As users of financial statements prepared by bank borrowers, we believe that most existing covenants will need to be changed as a result of the new standard. It should be noted that this is a time-consuming process: banks will need to contact customers; explain the reason for the change; in some cases, renegotiations can result in other costs either to banks or their customers who may want to renegotiate other portions that they would not otherwise consider; banks will need to involve legal counsel (for many smaller banks, this will likely involve hiring outside counsel); and banks will need to obtain signatures from customers. In addition to the legal and other administrative costs involved to change the contracts, significant time will be needed to determine the appropriate metrics to be included going forward.

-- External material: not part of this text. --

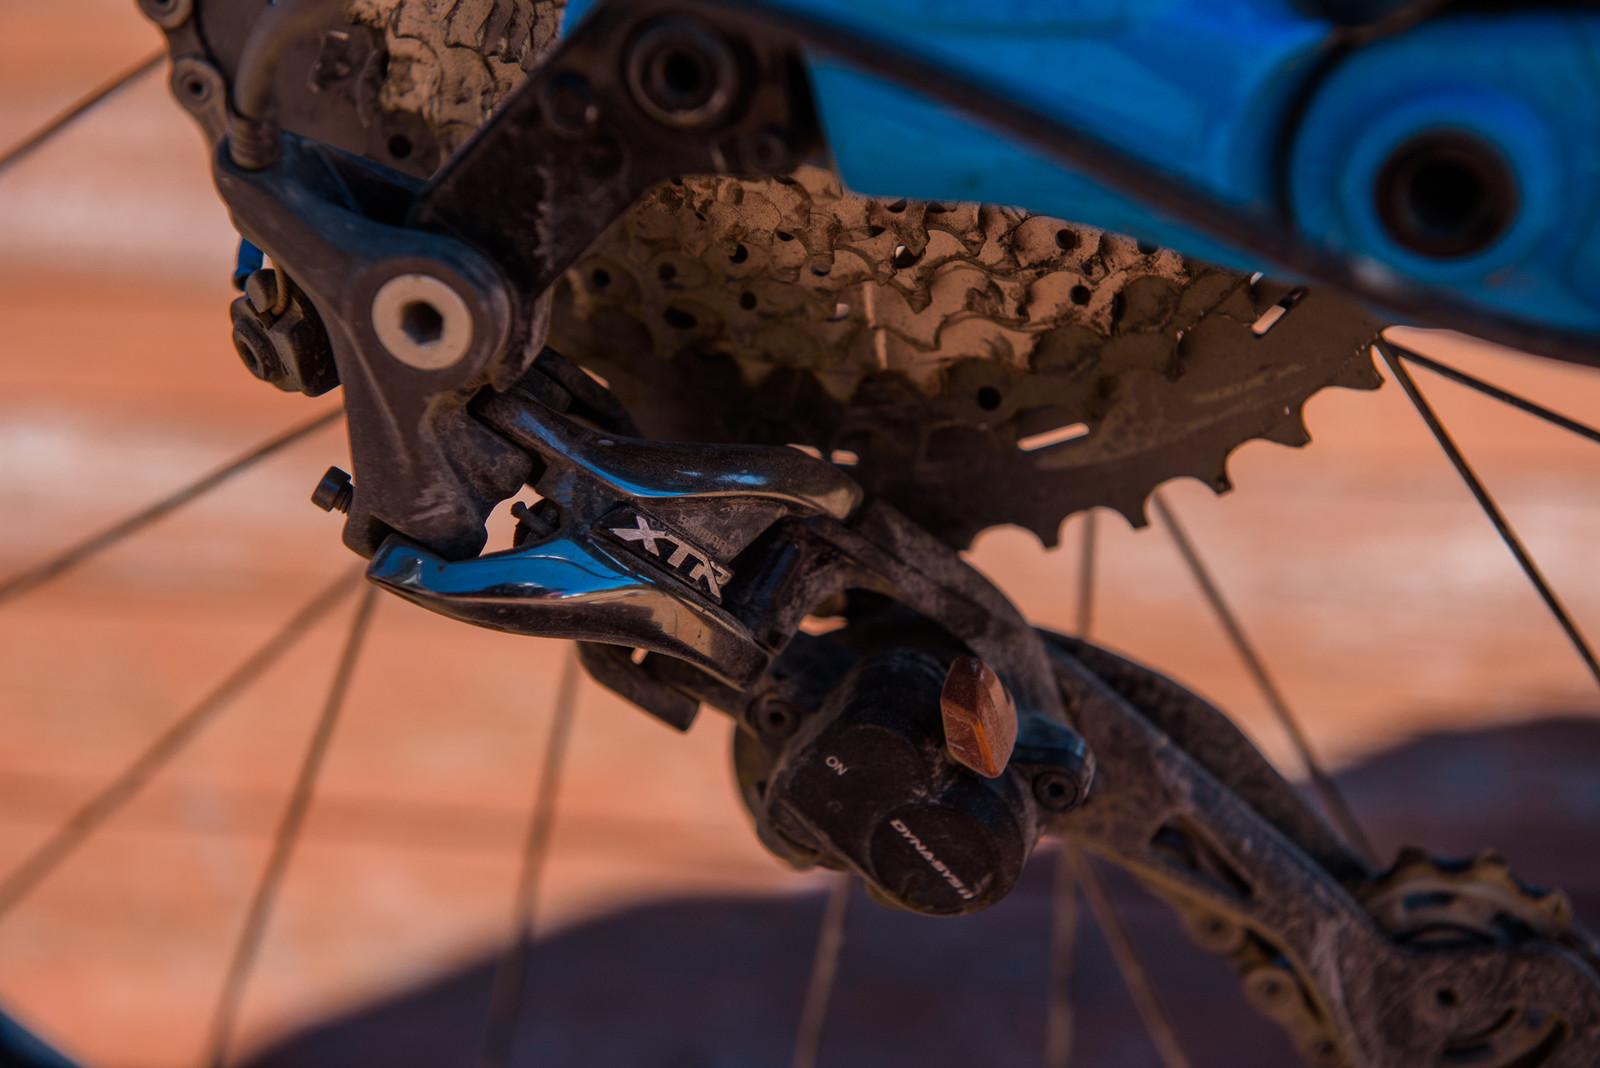 Shimano XTR Rear Derailleur - Pro Bike - Wyn Masters' GT Force, Size XL - Mountain Biking Pictures - Vital MTB

Analyzing the Long-Term Costs to the Overall Accounting Environment
Although users of financial statements generally prefer one set of high quality accounting standards, the FASB has appropriately recognized that users of private company financial statements often do not require or desire compliance with certain standards that are complex, may obfuscate practical risks, or are not cost-beneficial. As a result, the Private Company Council (PCC) was formed by FASB’s parent organization, the Financial Accounting Foundation. The PCC was formed to improve the process of setting accounting standards for private companies and is currently in the process of reviewing certain existing standards for possible modification. We supported the formation of the PCC and understand that the PCC will weigh-in with its recommendations to FASB related to lease accounting. However, due to the recent formation of the PCC, we are concerned that it has not had the time to appropriately examine and deliberate on the exposure draft. This, combined with our concerns about the impact of the ED on smaller companies, leads us to believe that FASB’s and the PCC’s credibility toward the concerns of private companies will be compromised unless the PCC is given adequate time to address leasing.

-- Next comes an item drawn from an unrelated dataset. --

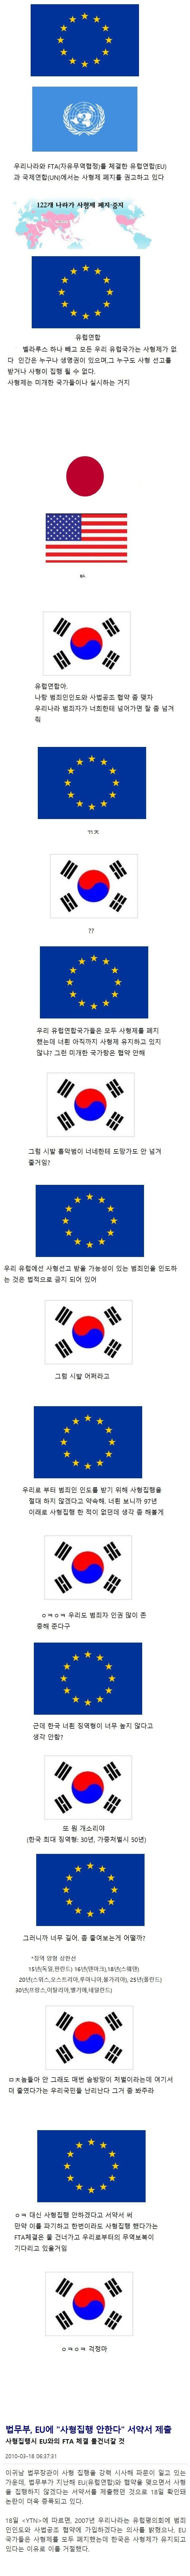 [유머] 한국이 사형집행을 못하는 이유 중 하나 -  와이드섬

The American Institute of CPA’s Financial Reporting Framework for SMEs (FRF) is an Other Comprehensive Basis of Accounting for small and medium-sized entities that is meant to be sensitive toward these entities. For example, lease accounting within the FRF complies with current GAAP, and certain representatives from the AICPA have indicated that there is no intention to change lease accounting. The recently-issued FRF may, thus, be viewed as a competing set of accounting standards to GAAP. Normally, a competing set of standards does not present a problem for users or for preparers of financial statements, as differences in the standards are normally vast (for example, cash basis accounting is significantly different from accrual accounting), and their purposes distinct. However, assuming the ultimate approval by FASB of the outstanding exposure drafts that have been issued so far as a result of recommendations of the PCC, it appears that if the ED is approved, the sole significant difference between private company-GAAP and the FRF will be related to lease accounting.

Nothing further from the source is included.